In another sign of the spreading international ramifications of the five-year-old Syrian war, Saudi Arabia said it was ready to participate in ground operations against Islamic State in Syria if the US-led alliance decided to launch them.
Photo: Reuters
The US welcomed Riyahd’s offer, which together with any Turkish incursion would further embroil regional powers in a conflict that pitches Sunni-backed fighters against Damascus and forces backed by Moscow and Shiite Iran.
The UN on Wednesday suspended the first peace talks in two years, halting an effort that seemed doomed from the start as the war raged unabated. However, Washington on Thursday said it was hopeful they would resume by the end of the month, and Russia said it expected that no later than Feb. 25.

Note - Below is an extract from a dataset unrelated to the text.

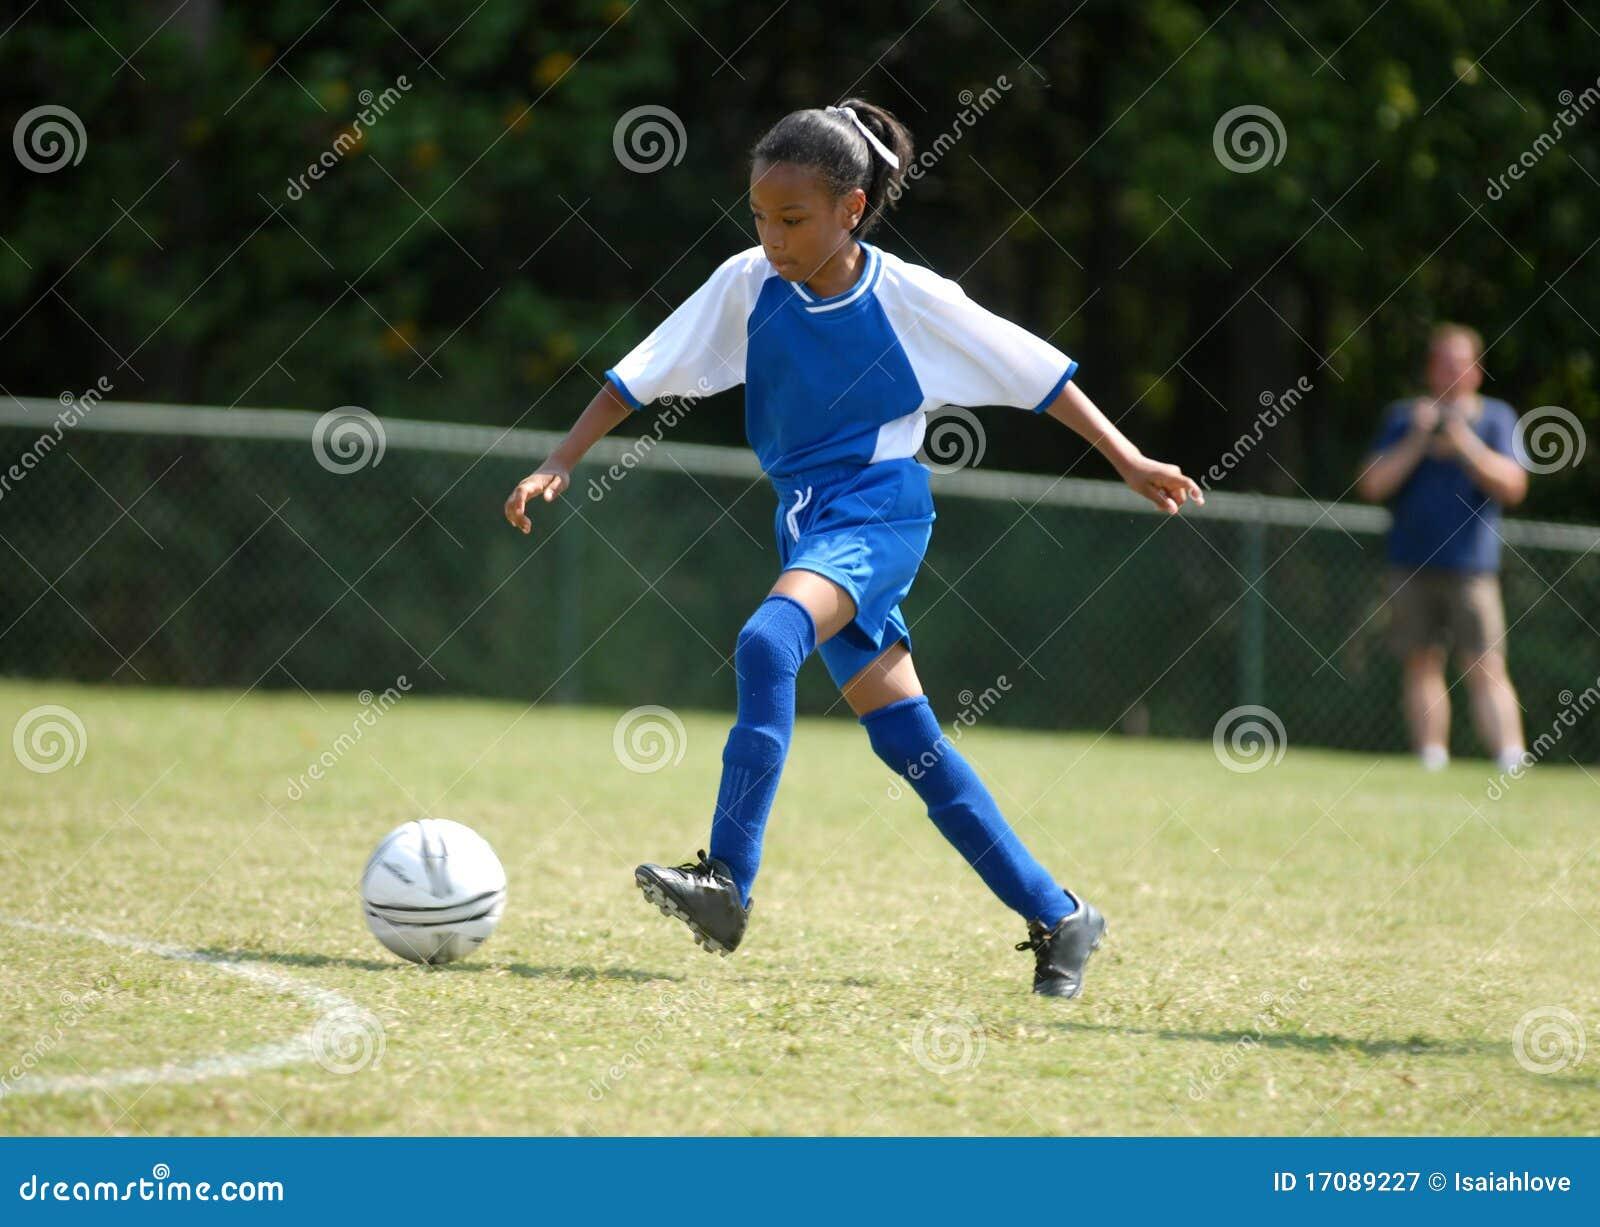 girl playing soccer - HD1300×1014

Donors convened in London to tackle the refugee crisis created by the conflict. British Prime Minister David Cameron said they raised US$11 billion for Syrian humanitarian needs over the next four years.

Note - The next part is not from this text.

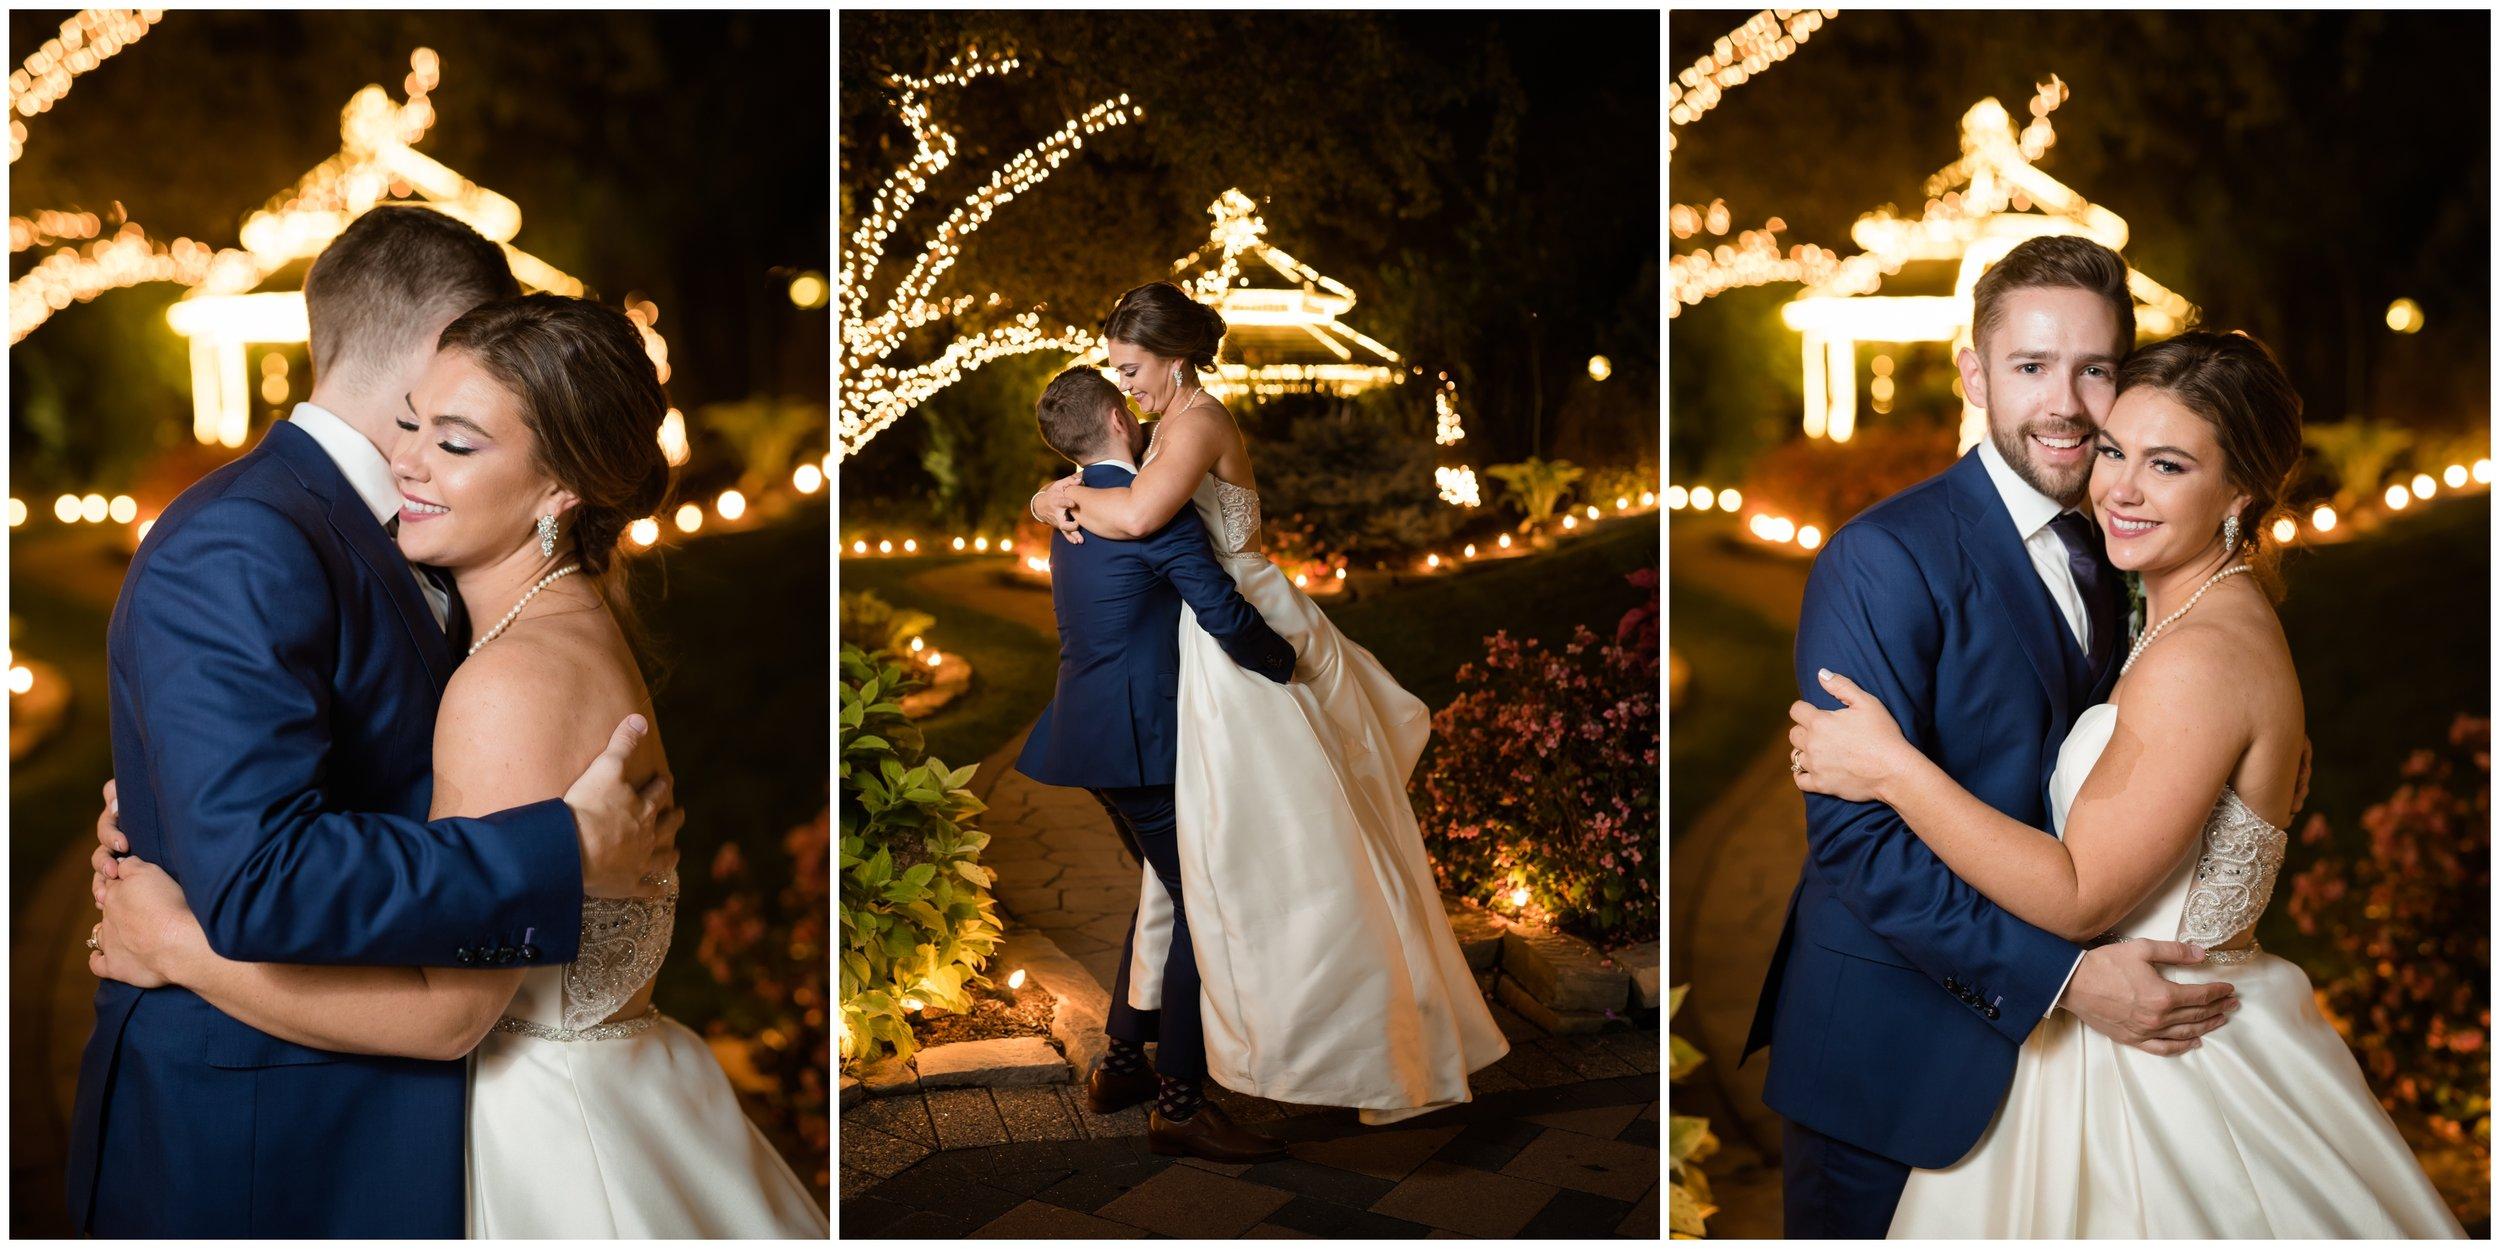 Silver Lake Country Club Wedding Photo Idea

Turkey said at the conference that up to 70,000 refugees from Aleppo were moving toward the border to escape air strikes.
Footage online showed hundreds of people, mostly women, children and the elderly, marching toward Turkey’s Onucpinar border gate, carrying carpets, blankets and food on their backs.
Four months of Russian airstrikes have tipped the momentum of the war in Syrian President Bashar al-Assad’s way. With Moscow’s help and allies, including Lebanon’s Hezbollah and Iranian fighters, the Syrian army is regaining areas on key fronts in the west.
Russia’s defense ministry said it had registered “a growing number of signs of hidden preparation of the Turkish Armed Forces for active actions on the territory of Syria.”
Any Turkish incursion would risk direct confrontation between Russia and a NATO member.
“The Russians are trying to hide their crimes in Syria,” a senior official in Turkish Prime Minister Ahmet Davutoglu’s office said.
“They are simply diverting attention from their attacks on civilians as a country already invading Syria. Turkey has all the rights to take any measures to protect its own security,” the official said.
In London, Davutoglu said the “humanitarian logistic corridor” between Turkey and Aleppo was “under the invasion of these foreign fighters and regime forces [with] the support of Russian warplanes.”
“What they want to do in Aleppo today is exactly what they did in Madaya before, a siege of starvation,” he added.
Davutoglu pledged that whatever the cost, Turkey’s door would remain open to all Syrians. It has already taken in more than 2.5 million.
Relations between Russia and Turkey have deteriorated badly since Turkey shot down a Russian warplane near the Syrian border in November.
US Department of State spokesman John Kirby declined to comment on Turkish military operations on the Syrian border, saying only: “They are working to secure that stretch of border, but I’m not going to comment on specific military activities of another nation inside their borders.”
Aleppo, just 50km south of the Turkish border, is a major strategic prize in the war and is currently divided into areas of government and opposition control. Many of the rebels fighting in and around the city have close ties to Turkey.
This week, three days of intensive Russian bombing helped the army and allied fighters to sever a major supply line to the northwest of the city, in the process reaching two Shiite towns loyal to the government for the first time in three-and-a-half years.
The army source said operations to fully encircle Aleppo from the west would be launched soon.
A senior, non-Syrian security source close to Damascus said Iranian fighters had played a crucial role.
“Qassem Soleimani is there in the same area,” said the source, referring to the head of the Iranian Revolutionary Guards’ elite Quds force responsible for overseas operations.
Residents thanked al-Assad, Iran and Hezbollah in celebratory scenes from the Shiite towns of Nubul and al-Zahraa broadcast by Hezbollah’s al-Manar TV.
Meanwhile, the powerful Kurdish YPG militia, which controls wide areas of northern Syria, added to the pressure on insurgents, capturing two villages near Nubul and al-Zahraa, the Syrian Observatory for Human Rights reported.
The Syrian Kurds have consistently denied opposition claims that they cooperate with Damascus.
In the south, the Syrian army and its allies recaptured a town near the city of Daraa, building on gains made last week and also backed by intensive aerial bombardment.
The seizure of Ataman would allow the government to reassert control over most parts of Daraa, near the Jordanian border.